Solving an optimization problem is not a linear process, but the process can be broken down into five general steps:

  • Getting the problem description
  • Formulating the mathematical program
  • Solving the mathematical program
  • Performing some post-optimal analysis
  • Presenting the solution and analysis

However, there are often “feedback loops” within this process. For example, after formulating and solving an optimization problem, you will often want to consider the validity of your solution (often consulting with the person who provided the problem description). If your solution is invalid you may need to alter or update your formulation to incorporate your new understanding of the actual problem. This process is shown in the Operations Research Methodology Diagram.


The modeling process starts with a well-defined model description, then uses mathematics to formulate a mathematical program. Next, the modeler enters the mathematical program into some solver software, e.g., Excel and solves the model. Finally, the solution is translated into a decision in terms of the original model description.

Using Python gives you a “shortcut” through the modeling process. By formulating the mathematical program in Python you have already put it into a form that can be used easily by PuLP the modeller to call many solvers, e.g. CPLEX, COIN, gurobi so you don’t need to enter the mathematical program into the solver software. However, you usually don’t put any “hard” numbers into your formulation, instead you “populate” your model using data files, so there is some work involved in creating the appropriate data file. The advantage of using data files is that the same model may used many times with different data sets.

The Modeling Process

The modeling process is a “neat and tidy” simplification of the optimisation process. Let’s consider the five steps of the optimisation process in more detail:

Getting the Problem Description

The aim of this step is to come up with a formal, rigourous model description. Usually you start an optimisation project with an abstract description of a problem and some data. Often you need to spend some time talking with the person providing the problem (usually known as the client). By talking with the client and considering the data available you can come up with the more rigourous model description you are used to. Sometimes not all the data will be relevant or you will need to ask the client if they can provide some other data. Sometimes the limitations of the available data may change your model description and subsequent formulation significantly.

Formulating the mathematical program

In this step we identify the key quantifiable decisions, restrictions and goals from the problem description, and capture their interdependencies in a mathematical model. We can break the formulation process into 4 key steps:

  • Identify the Decision Variables paying particular attention to units (for example: we need to decide how many hours per week each process will run for).
  • Formulate the Objective Function using the decision variables, we can construct a minimise or maximise objective function. The objective function typically reflects the total cost, or total profit, for a given value of the decision variables.
  • Formulate the Constraints, either logical (for example, we cannot work for a negative number of hours), or explicit to the problem description. Again, the constraints are expressed in terms of the decision variables.
  • Identify the Data needed for the objective function and constraints. To solve your mathematical program you will need to have some “hard numbers” as variable bounds and/or variable coefficients in your objective function and/or constraints.

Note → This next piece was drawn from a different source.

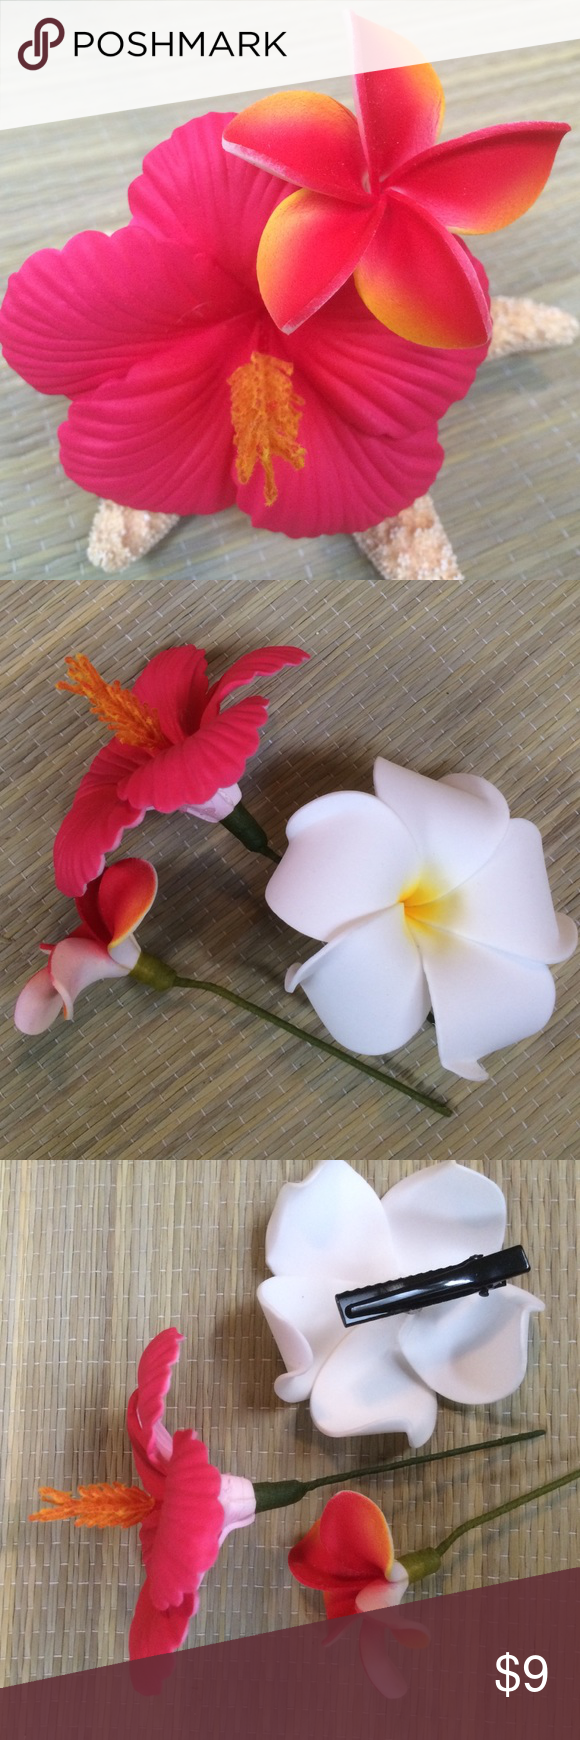 Bundle 2 faux hawaiian flower pics hair clip my posh picks bundle 2 faux hawaiian flower pics hair clip bundle 3 faux flower hair 1 dark pink hawaiian hibiscus flower and 1 small dark pink plumeria pics izmirmasajfo

Solving the mathematical program

For relatively simple or well understood problems the mathematical model can often be solved to optimality (i.e., the best possible solution is identified). This is done using algorithms such as the Revised Simplex Method or Interior Point Methods. However, many industrial problems would take too long to solve to optimality using these techniques, and so are solved using heuristic methods which do not guarantee optimality.

Performing some post-optimal analysis

Often there is uncertainty in the problem description (either with the accuracy of the data provided, or with the value(s) of data in the future). In this situation the robustness of our solution can be examined by performing post-optimal analysis. This involves identifying how the optimal solution would change under various changes to the formulation (for example, what would be the effect of a given cost increasing, or a particular machine failing?). This sort of analysis can also be useful for making tactical or strategic decisions (for example, if we invested in opening another factory, what effect would this have on our revenue?).

Another important consideration in this step (and the next) is the validation of the mathematical program’s solution. You should carefully consider what the solution’s variable values mean in terms of the original problem description. Make sure they make sense to you and, more importantly, your client (which is why the next step, presenting the solution and analysis is important).

Presenting the solution and analysis

A crucial step in the optimisation process is the presentation of the solution and any post-optimal analysis. The translation from a mathematical program’s solution back into a concise and comprehensible summary is as important as the translation from the problem description into the mathematical program. Key observations and decisions generated via optimisation must be presented in an easily understandable way for the client or project stakeholders.

Your presentation is a crucial first step in the implementation of the decisions generated by your mathematical program. If the decisions and their consequences (often determined by the mathematical program constraints) are not presented clearly and intelligently your optimal decision will never be used.

This step is also your chance to suggest other work in the future. This could include:

  • Periodic monitoring of the validity of your mathematical program;
  • Further analysis of your solution, looking for other benefits for your client;
  • Identification of future optimisation opportunities.